Suppose 20% of babies are born early, 50% are born on time, and 30% are born late. A nurse uses a random-number table to find the experimental probability that of 5 births , at least 1 baby will be born early. The digits 0 and 1 represents babies born early. The digits 2, 3, 4, 5, and 6 represent babies born on time. The digits 7, 8, 9 represent babie s born late.

Question

23059 - 78234 - 01785 - 12359 - 26789
14568 - 24579 - 13579 - 01239 - 24589
03489 - 12456 - 01458 - 23567 - 01238
01235 - 34567 - 23478 - 12546 - 23589

Find the experimental probability that of 5  babies born, at least 1 will be born early. 
(1 point)

A 1/5
B 2/5
C 3/5
D 4/5

oobleck · Answer

so add up the points for success, and divide by the total # points

do kyungsoo · Answer

@oobleck What??

. · Answer

10. Suppose 20% of babies born are born early, 50% are born on time, and 30% are born late. A nurse uses a random-numbertable to find the experimental probability that of 5 births, at least 1 baby will be born early. The digits O and 1 represent babies born early. The digits 2, 3, 4, 5, and 6 represent babies born on time. The digits 7, 8, and 9 represent babies born late.

Bot · Answer

To find the experimental probability that at least 1 baby will be born early, we need to find the probability that none of the 5 babies are born early, and then subtract that from 1.

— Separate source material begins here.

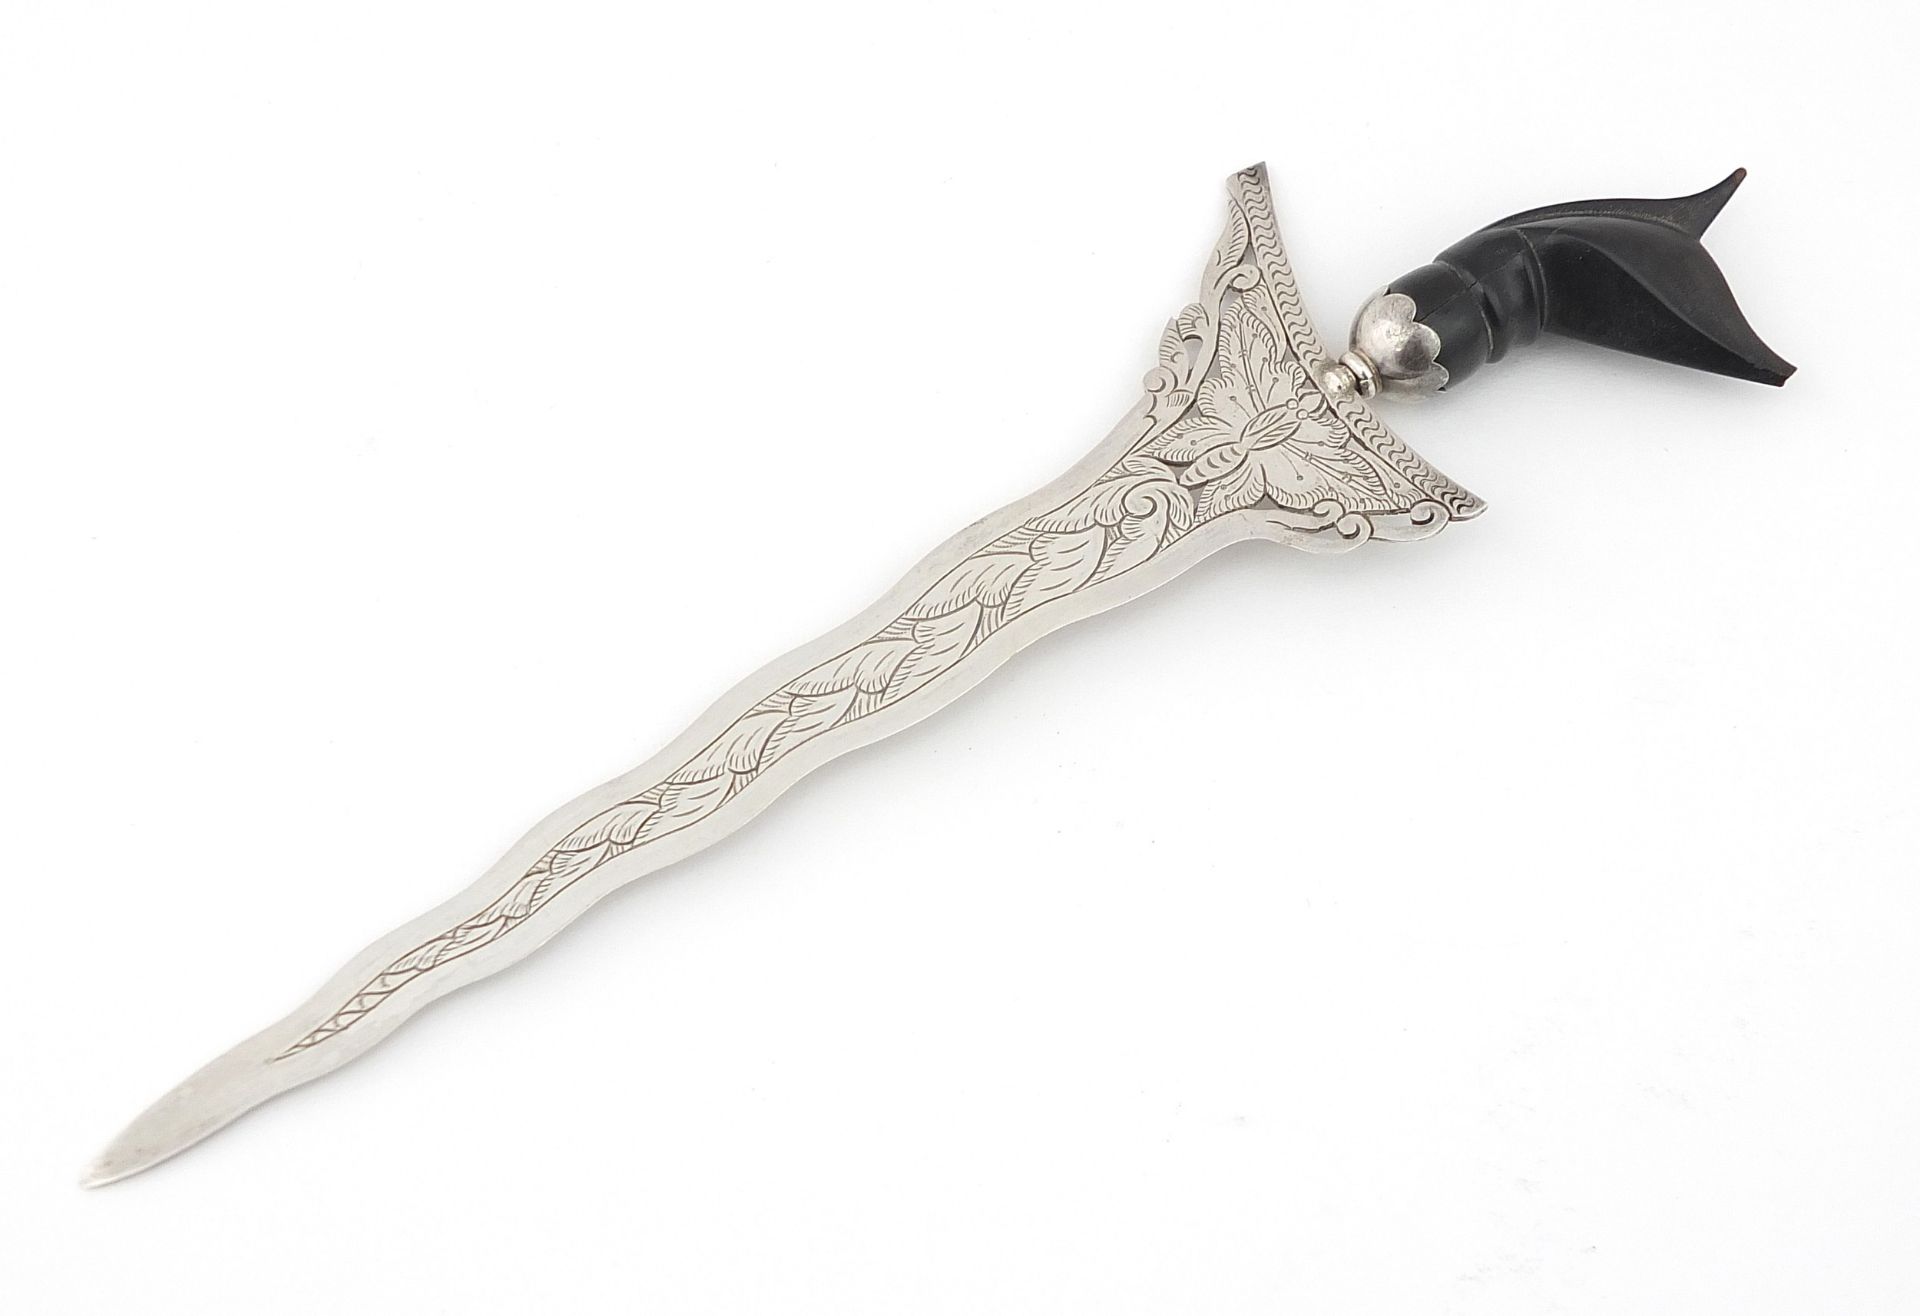 Miniature Malaysian silver Kris with ebonised handle, engraved Malaysia 1260B, 20cm in length, 27.7g

The probability that a baby is not born early is 80%, or 0.8. So the probability that none of the 5 babies are born early is:

0.8 * 0.8 * 0.8 * 0.8 * 0.8 = 0.32768

To find the probability that at least 1 baby will be born early, we subtract this from 1:

1 - 0.32768 = 0.67232

So the experimental probability that of 5 births, at least 1 baby will be born early, is about 0.672 or 67.2%.